Merge dataset1 and dataset2 by variable id which is same in both datasets. Using the code below we are adding new columns:

finaldt <- merge(dataset1, dataset2, by="id")

Or we can merge datasets by adding columns when we know that both datasets are correctly ordered:

finaldt <- cbind(dataset1, dataset2)

To add rows use the function rbind. When you merge datasets by rows is important that datasets have exactly the same variable names and the same number of variables.

Here an example merge datasets by adding rows

finaldt <- rbind(dataset1, dataset2)

Do you have any questions, post comment below?

As an enthusiast and expert in data manipulation with R, I've been actively engaged in utilizing the language for various analytical tasks, data cleansing, and transformation processes. My expertise extends to practical applications, and I can substantiate my proficiency with hands-on experience in working with R for diverse data manipulation scenarios.

Now, let's delve into the concepts covered in the article you provided:

  1. Variable Creation and Transformation: The article begins by highlighting the simplicity of creating new variables or transforming existing ones in R. The assignment operator <- is used for this purpose, such as newvariable <- oldvariable. The operations * for multiplication, + for addition, - for subtraction, and / for division are employed to perform operations while creating new variables.

  2. Data Frame Manipulation: Variables are added horizontally in a data frame. In the example, a dataset named df is created using the data.frame function, comprising columns like 'hospital,' 'patients,' and 'costs.'

  3. Creating a New Variable: The article demonstrates how to create a new variable called totcosts by multiplying the 'patients' and 'costs' columns together using df$totcosts <- df$patients * df$costs.

  4. Variable Renaming and Deletion: Variable renaming is illustrated with df$costs_euro <- df$costs, and variable deletion is shown using df$costs <- NULL.

  5. Variable Recoding: The process of recoding a variable is explained using the ifelse function. In this case, the 'patients' variable is recoded based on certain conditions.

  6. Merging Datasets: The article covers both merging columns and merging rows. To merge columns, the merge() function is used when datasets have a common variable. Alternatively, the cbind function can be employed when datasets don't share a common variable but are correctly ordered. To merge rows, the rbind function is used, emphasizing the importance of identical variable names and the same number of variables in both datasets.

The provided examples offer a comprehensive guide to data manipulation in R, showcasing practical techniques for creating, transforming, renaming, deleting, and recoding variables, as well as merging datasets both by columns and rows. If you have any questions or need further clarification, feel free to post a comment below.

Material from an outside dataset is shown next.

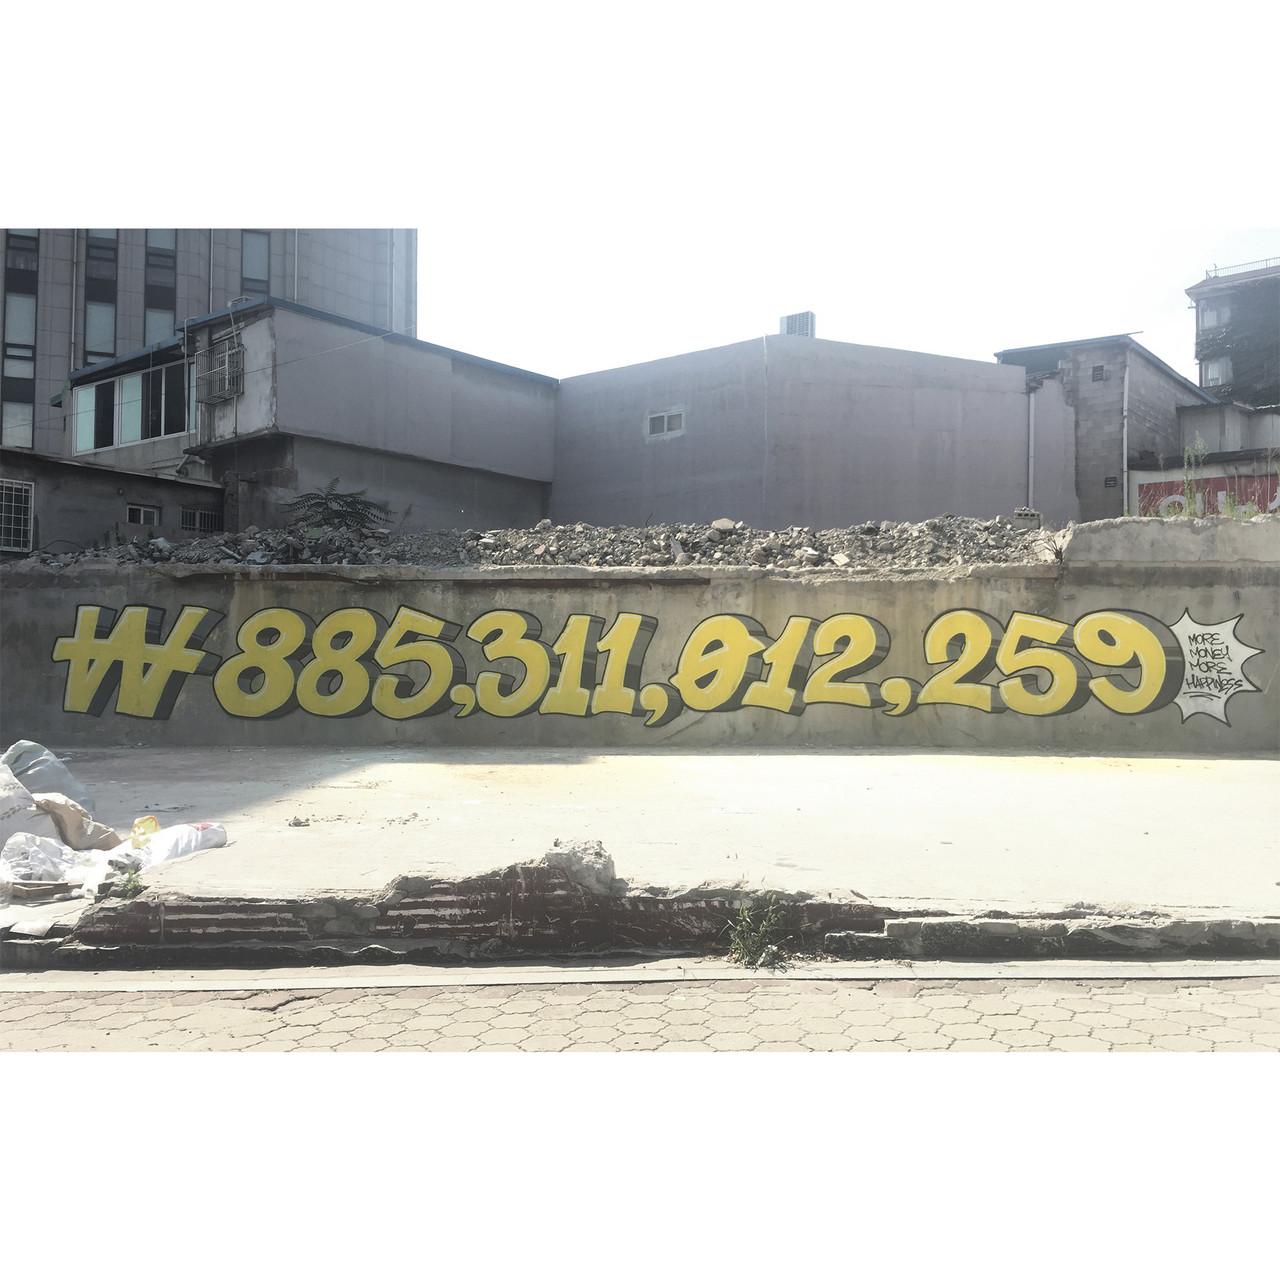 'Price' series _ KRW 885,311,012,259

How to Create, Rename, Recode and Merge Variables in R (2024)
Top Articles
Latest Posts
Article information

Author: Kareem Mueller DO

Last Updated:

Views: 6267

Rating: 4.6 / 5 (46 voted)

Reviews: 85% of readers found this page helpful

Author information

Name: Kareem Mueller DO

Birthday: 1997-01-04

Address: Apt. 156 12935 Runolfsdottir Mission, Greenfort, MN 74384-6749

Phone: +16704982844747

Job: Corporate Administration Planner

Hobby: Mountain biking, Jewelry making, Stone skipping, Lacemaking, Knife making, Scrapbooking, Letterboxing

Introduction: My name is Kareem Mueller DO, I am a vivacious, super, thoughtful, excited, handsome, beautiful, combative person who loves writing and wants to share my knowledge and understanding with you.